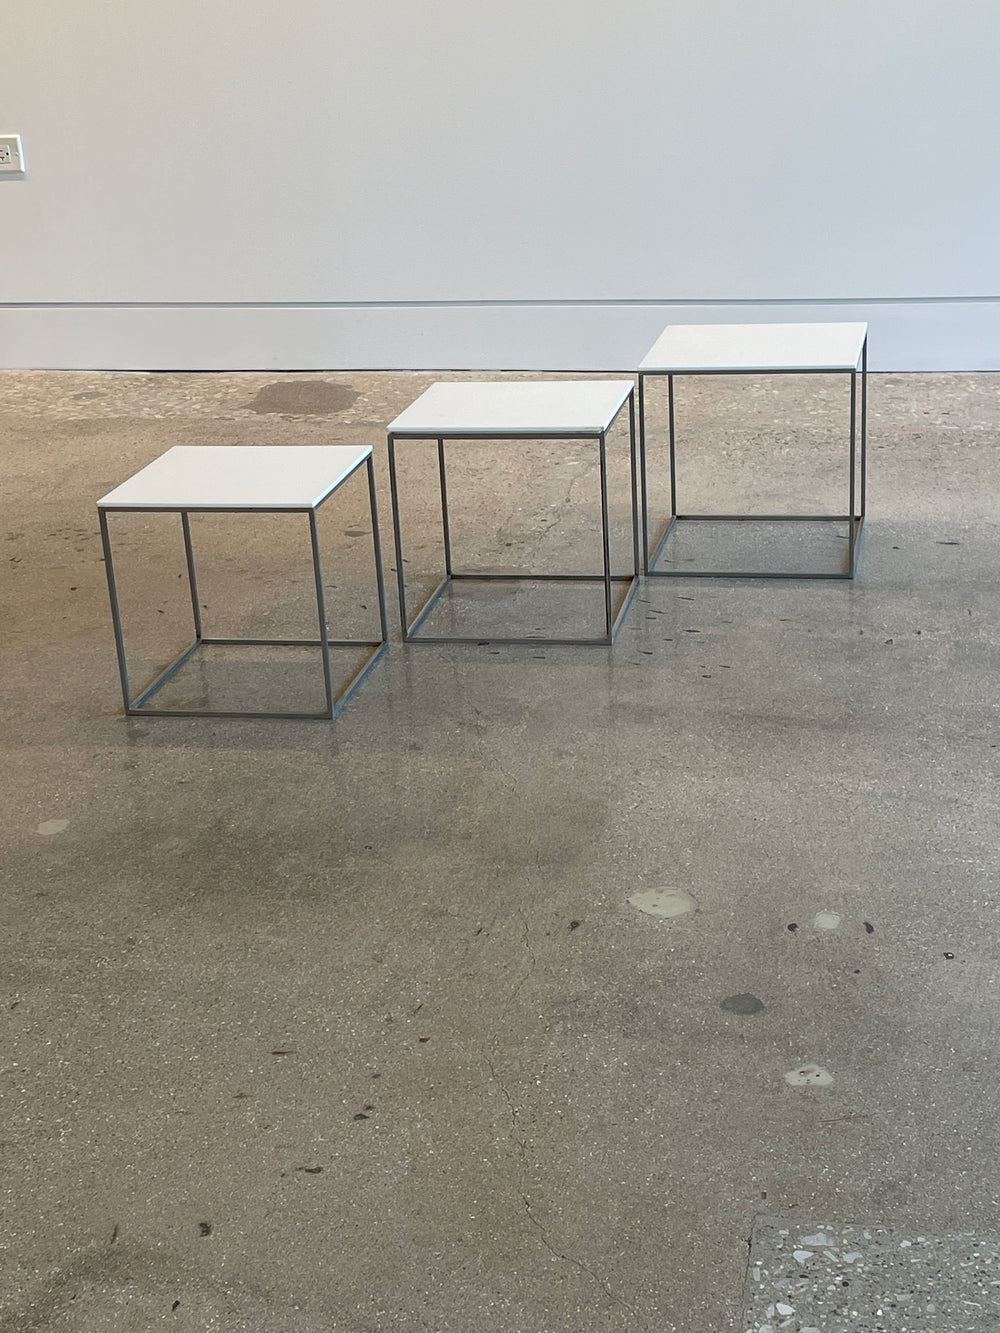 Poul Kjaerholm model "PK 71" nesting cube side tables produced by E. Kold Christensen
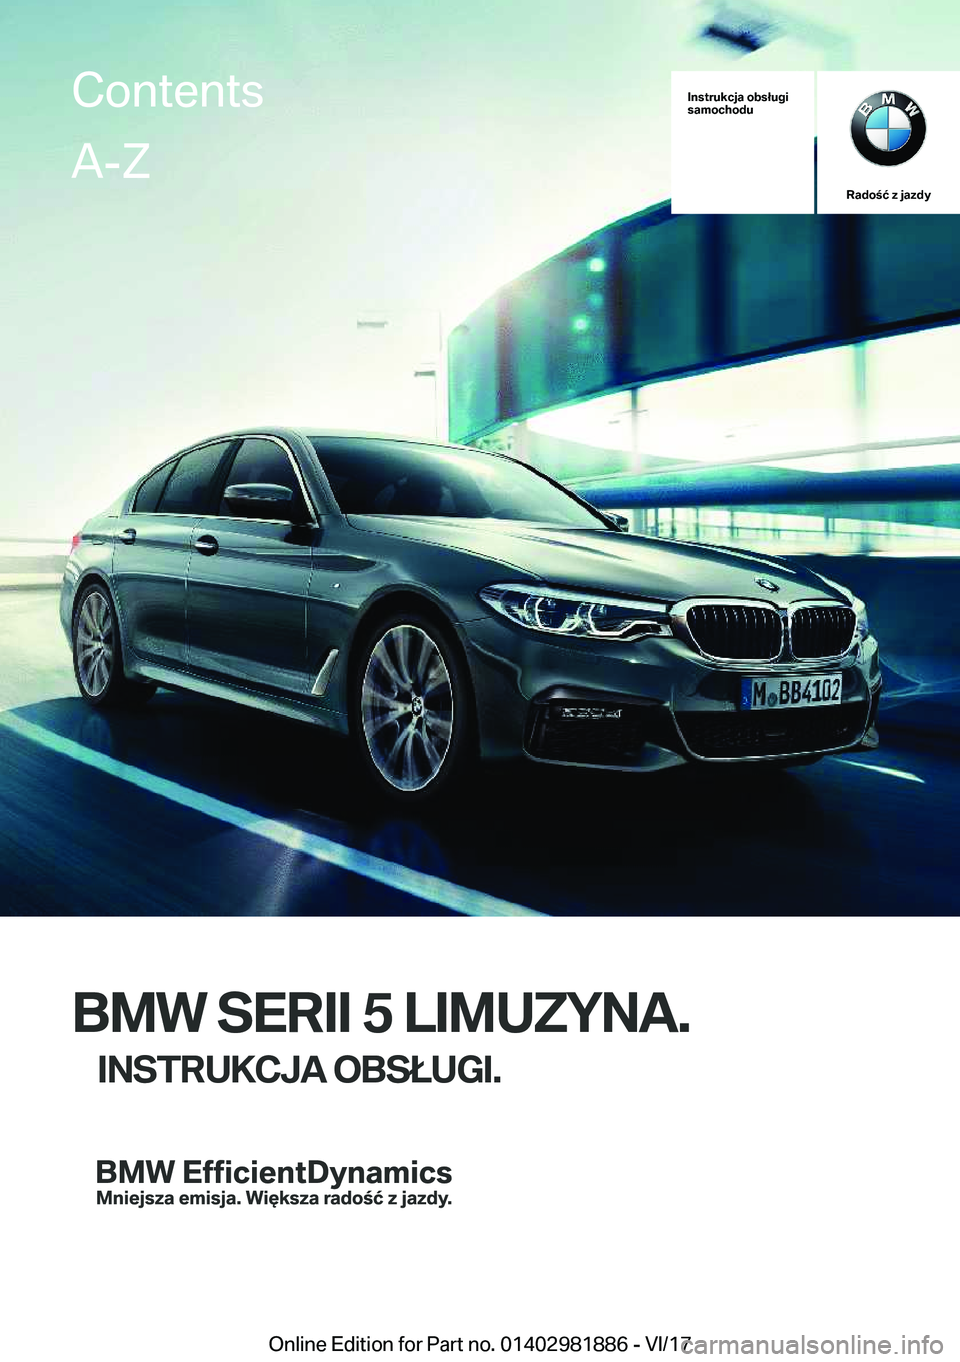 BMW 5 SERIES 2018  Instrukcja obsługi (in Polish) �I�n�s�t�r�u�k�c�j�a��o�b�s�ł�u�g�i
�s�a�m�o�c�h�o�d�u
�R�a�d�o�

What needs to be done: Would you repeat the listing word for word and skip every picture?

Exercise result:
 Poul Kjaerholm model "PK 71" nesting cube side tables produced by E. Kold Christensen
 BMW 5 SERIES 2018  Instrukcja obsługi (in Polish) �I�n�s�t�r�u�k�c�j�a��o�b�s�ł�u�g�i
�s�a�m�o�c�h�o�d�u
�R�a�d�o�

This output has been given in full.